Stornoway Diamond Corporation

Stornoway Diamond Corporation

January 06, 2011 09:03 ET

Stornoway Closes $35 Million Equity Financing

VANCOUVER, BRITISH COLUMBIA--(Marketwire - Jan. 6, 2011) -


Stornoway Diamond Corporation (TSX:SWY) ("Stornoway" or the "Company") is pleased to announce that it has closed the equity financing previously announced on December 14, 2010 pursuant to which Stornoway has sold 57,400,000 common shares at a price of $0.61 per share for gross proceeds of $35,014,000 (the "Offering"). The transaction was completed by a syndicate of underwriters led by RBC Capital Markets and including Desjardins Securities, BMO Capital Markets and Canaccord Genuity (the "Underwriters"). The Underwriters received a cash fee equal to 6% of the gross proceeds from the sale of the common shares.

The Company intends to use the net proceeds of the Offering to complete a feasibility level program of work at the Renard Diamond Project, located in north-central Québec, and for general working capital purposes.

The common shares referred to herein have not been and will not be registered under the U.S. Securities Act of 1933, as amended (the "1933 Act"), or under any state securities laws, and may not be offered or sold, directly or indirectly, or delivered within the United States or to, or for the account or benefit of, U.S. persons (as defined in Regulation S under the 1933 Act) absent registration or an applicable exemption from the registration requirements. This news release does not constitute an offer to sell or a solicitation to buy such securities in the United States.

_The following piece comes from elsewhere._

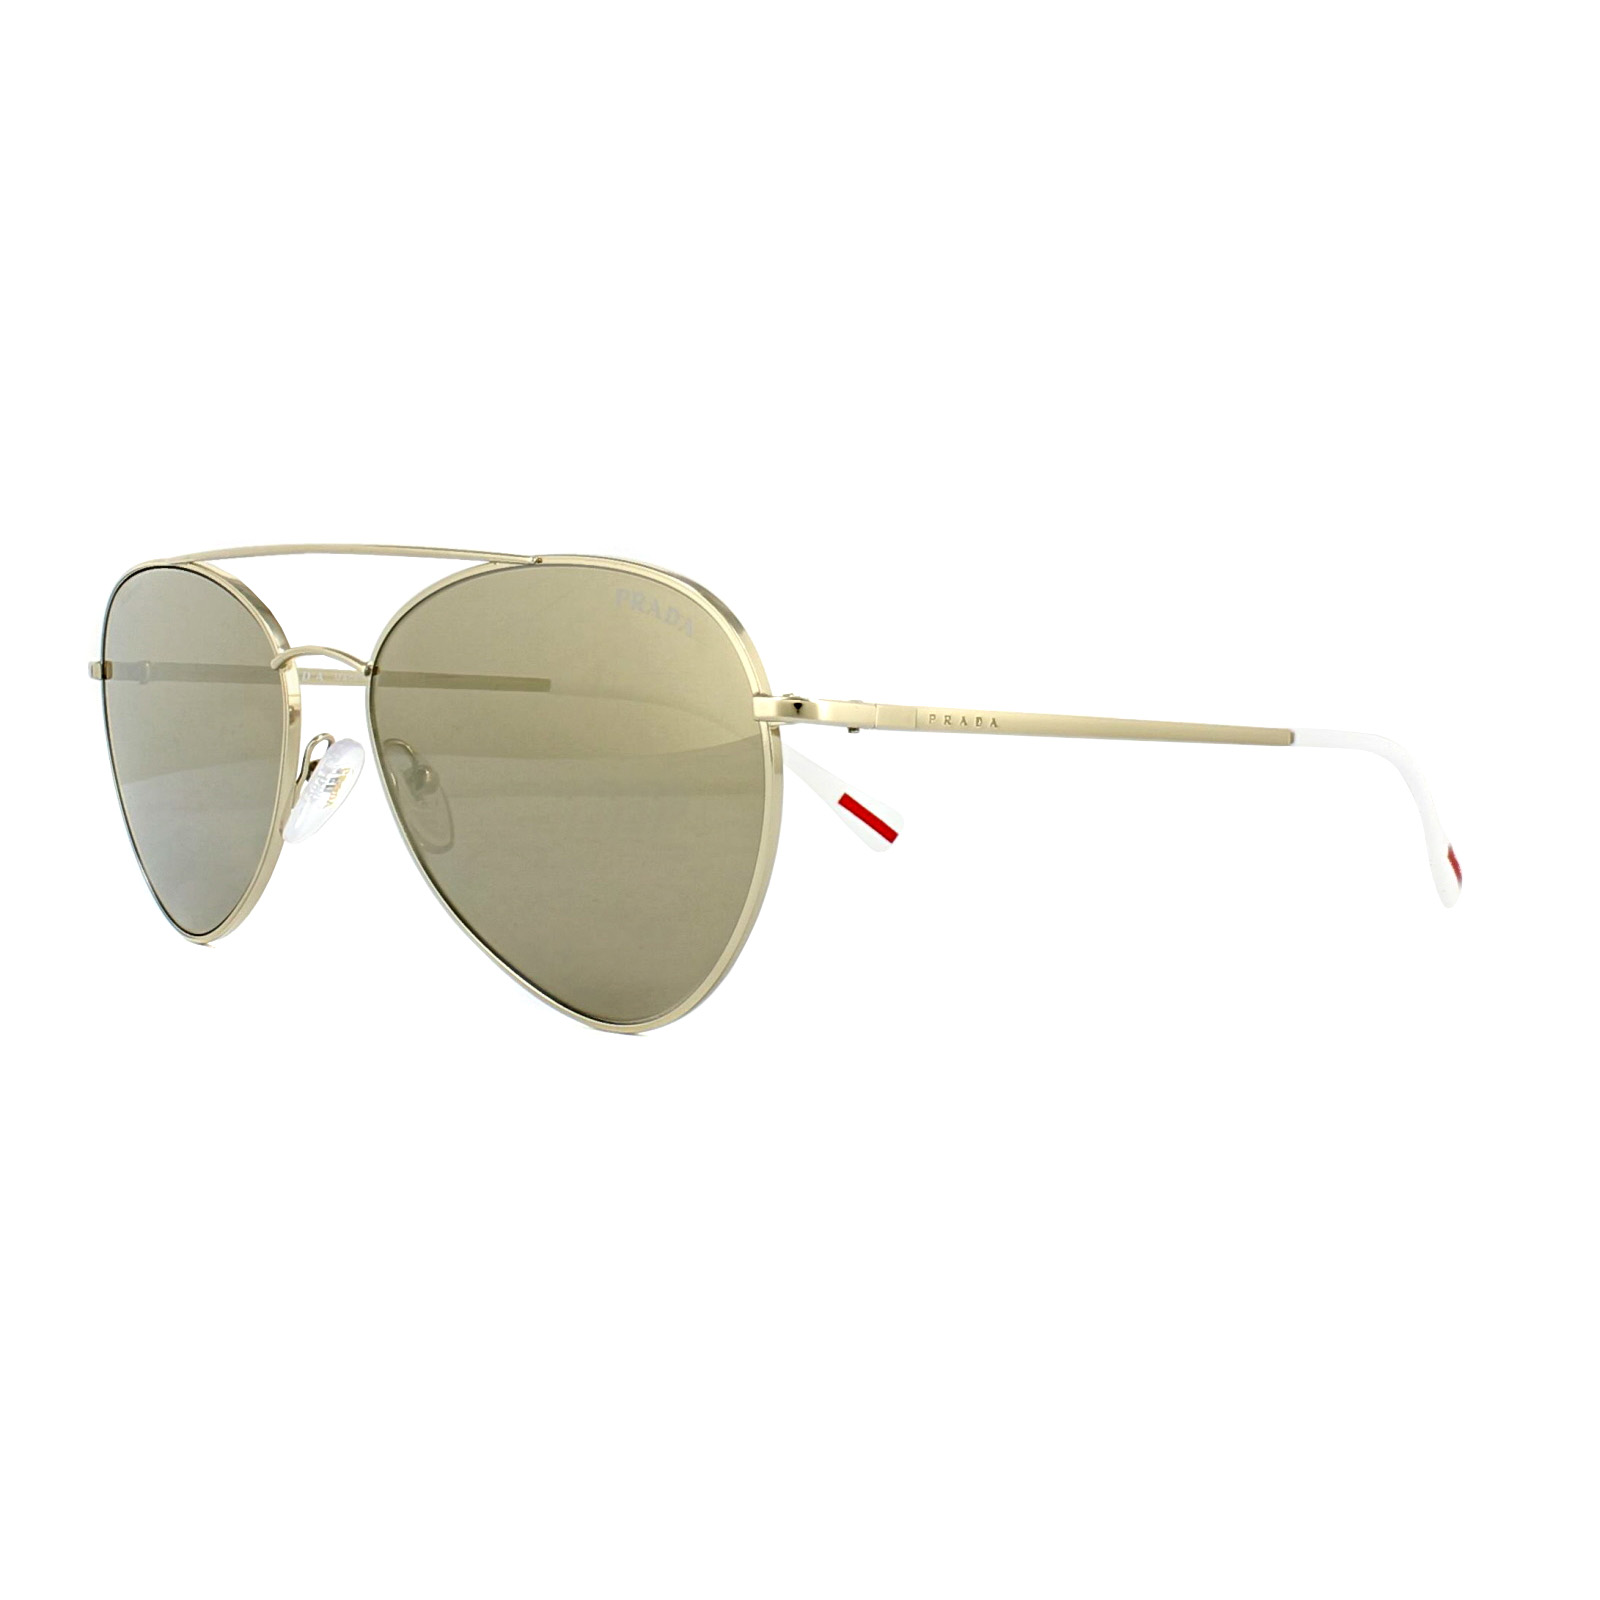 2c8ded51c328 Sentinel Prada Sport Sunglasses 50SS ZNV1C0 Pale Gold Brown Gold Mirror

About Stornoway Diamond Corporation

Stornoway Diamond Corporation is one of Canada's leading diamond exploration and development companies, involved in the discovery of over 200 kimberlites in seven Canadian diamond districts. The Company benefits from a diversified diamond property portfolio, a strong financial platform and management and technical teams with experience in each segment of the diamond "pipeline" from exploration to marketing.

On behalf of the Board


Matt Manson, President and Chief Executive Officer

This news release includes certain forward¬looking statements or information. All statements other than statements of historical fact included in this release, including, without limitation, statements regarding the use of proceeds, future plans and objectives of the Company are forward¬looking statements that involve various certain risks and uncertainties. In certain cases, forward¬looking statements can be identified by the use of words such as "plans", "expects" or "does not expect", "is expected", "budget", "scheduled", "estimates", "forecasts", "intends", "anticipates" or "does not anticipate", or "believes", or variations of such words and phrases or statements that certain actions, events or results "may", "could", "would", "might" or "will be taken", "occur" or "be achieved". Forward¬looking statements involve known and unknown risks, uncertainties and other factors which may cause the actual results, performance or achievements of the Company to be materially different from any future results, performance or achievements expressed or implied by the forward¬looking statements. There can be no assurance that such statements will prove to be accurate and actual results and future events could differ materially from those anticipated in such statements. Important factors that could cause actual results to differ materially from the Company's plans or expectations include availability of capital and financing, general economic, market or business conditions, regulatory changes, timeliness of government or regulatory approvals, risks inherent in the mineral exploration and production industry, and other risks detailed herein and in the prospectus and from time to time in the filings made by the Company with securities regulators, most of which filings are available at The Company disclaims any intention or obligation to revise or update such statements, whether as a result of new information, future events or otherwise, except as required under applicable securities laws.